Black Yi Lord and His Servant (Republic of China (1912-1949 AD))Original Source: http://www.biftmuseum.com/
Black Yi Lord and his servant
Named “guobian” servants in Mandarin (literally meaning “around the stove”), the servants in this photo belong to the lowest rank of servants. In the past, there were 90 “guobian servants” for every 100 Black Yi households. Seen as property of the owner, this rank of servants can be traded with a certain price, once 40 taels of silver, equivalent to 100 yuan in the currency released in the Republic of China (1912-1949 AD).
Noble Qiang Woman in Splendid Dress and Adornment (Republic of China (1912-1949 AD))Original Source: http://www.biftmuseum.com/
Noble Qiang Woman in splendid dress and adornment
The nobilities are from the Rong ethnic minority while commoners are Qiang people.
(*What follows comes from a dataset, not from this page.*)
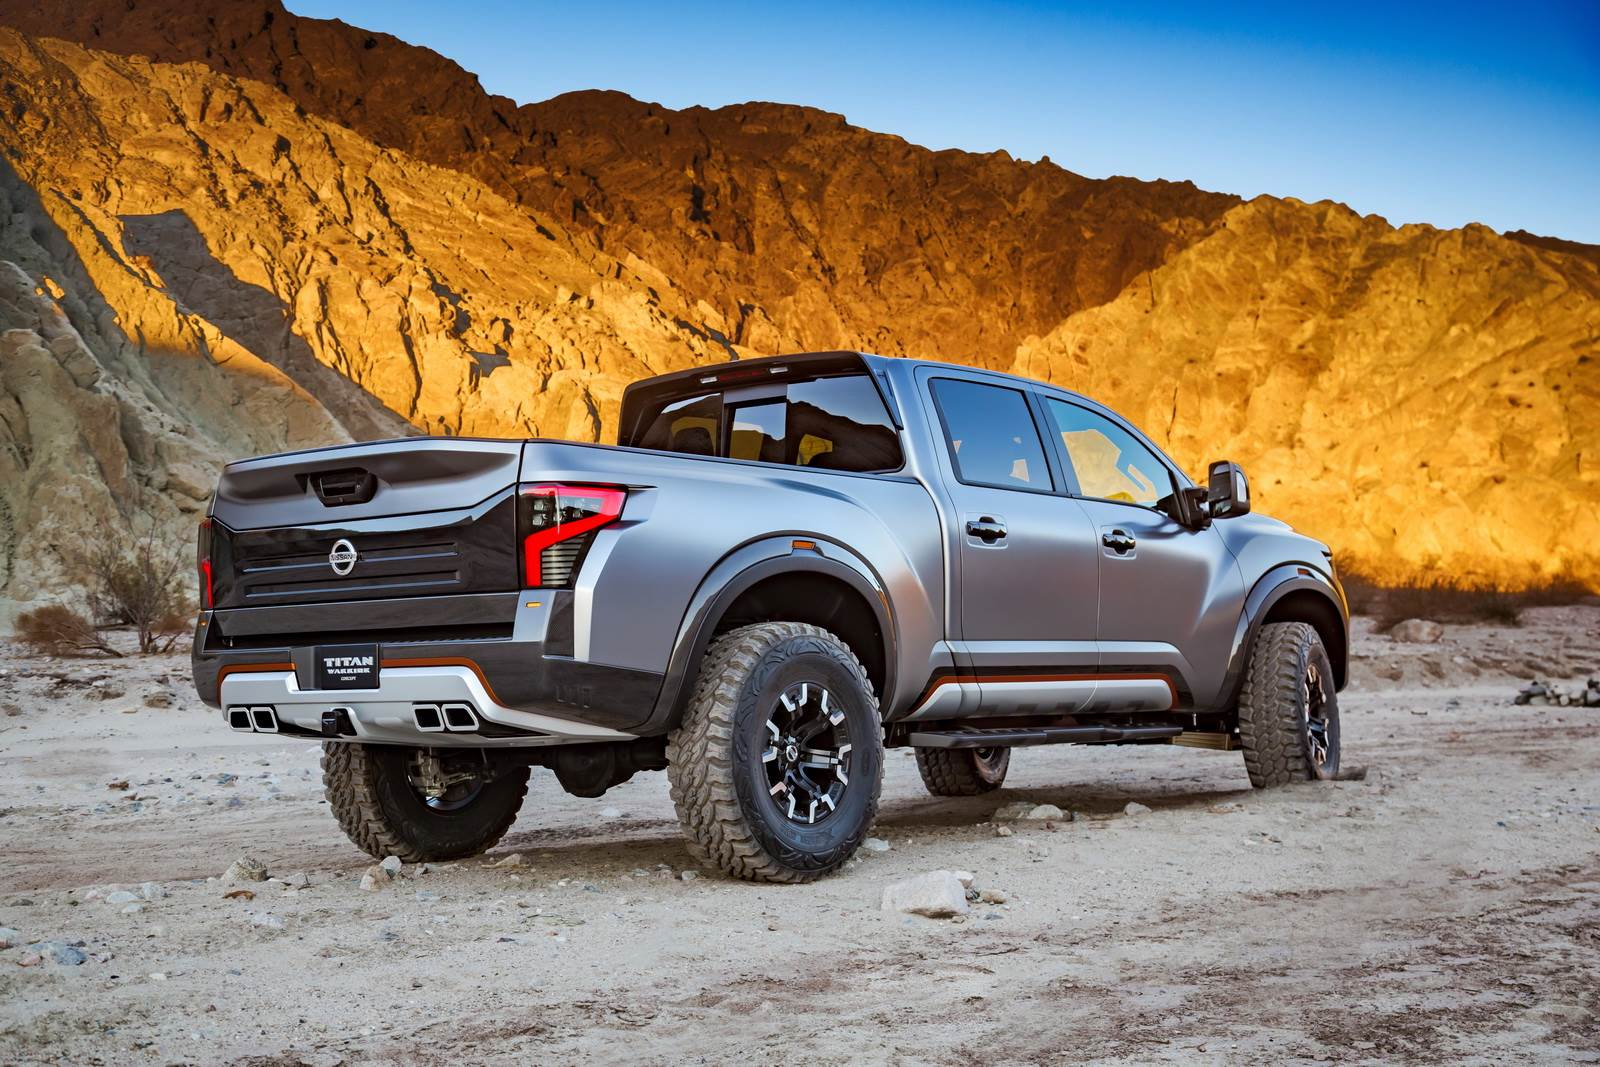 Nissan Titan Warrior Concept Photo Gallery Autocar India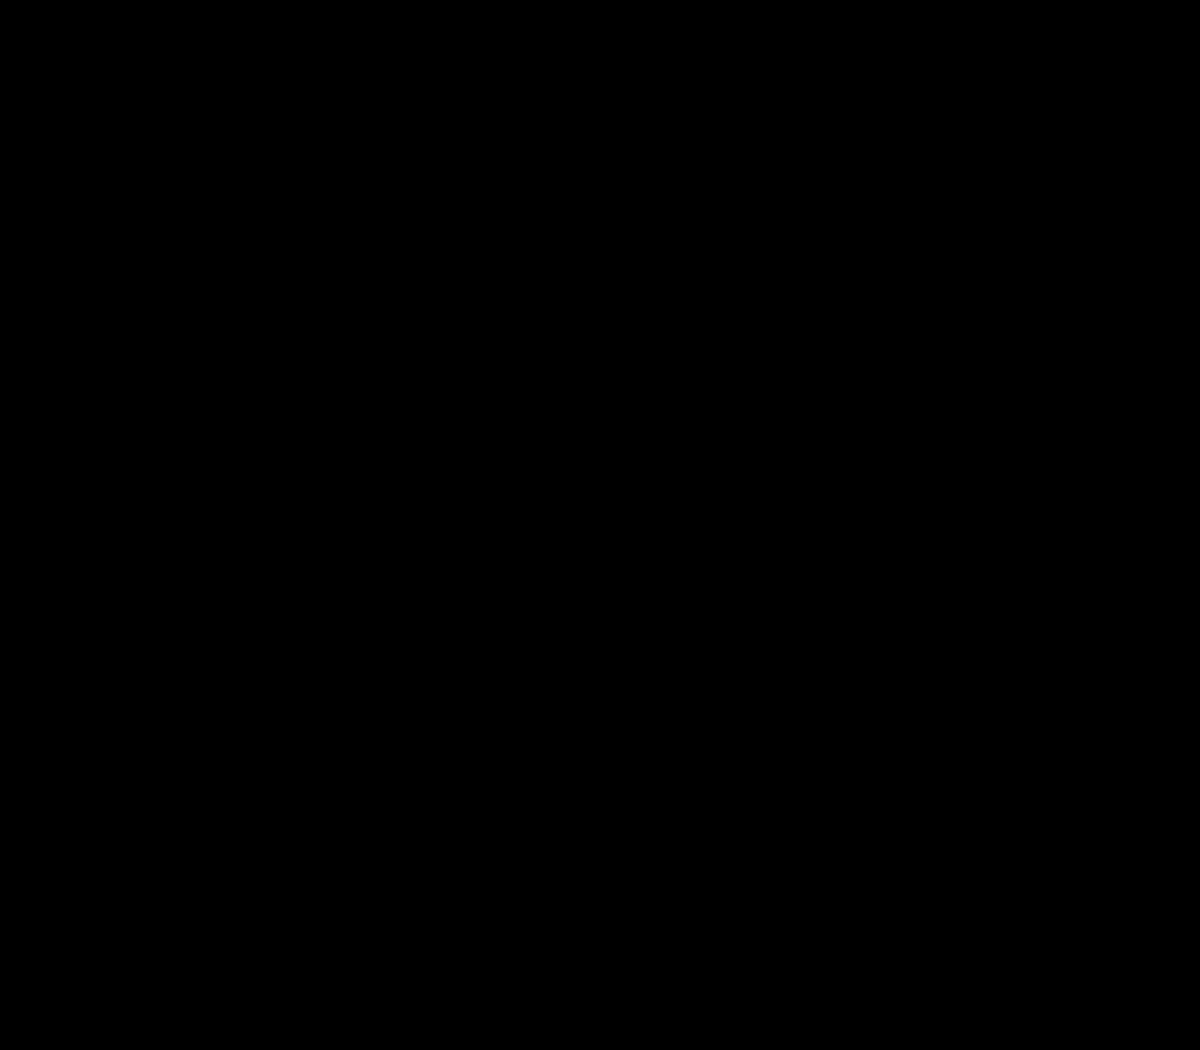 1200x1050 Thales's Theorem

Practice of Sorcery by Su Nie (Republic of China (1912-1949 AD))Original Source: http://www.biftmuseum.com/
Practice of Sorcery by Su Nie
“Su Nie” is the name for sorcerers in the Yi ethnic group. Legend says that Su Nie was born a common person but became mentally ill once because he was possessed by a ghost. After a ceremony of offering sacrifices of white sheep and white cocks in the woods, Su Nie was cured and came into possession of sorcery.
With no sacred written texts, Su Nie worships many gods and use sheepskin drum on rituals. When practicing sorcery, Su Nie would jump in circles and chant mantras while hitting the sheepskin drum until he shivers all over and mouths the instruction by god. When Su Nie practices the magical arts, there is usually another man holding a wood fork jumping and spinning together with him.
Although most Su Nie are men, in rare cases Su Nie can be a woman . Responsible for treating illnesses and settle disputes, female Su Nie hold similar sorcery rituals as male Su Nie. While also using cocks, pigs, cows or sheep as sacrifice, female Su Nie do not attach a tree branch to the sheepskin drum while hitting it. Sometimes female Su Nie would even lick a glowing sickle or plough blades.
(Quote from page 123 in A Research Report on the Yi People in Xikang by Zhuang Xueben)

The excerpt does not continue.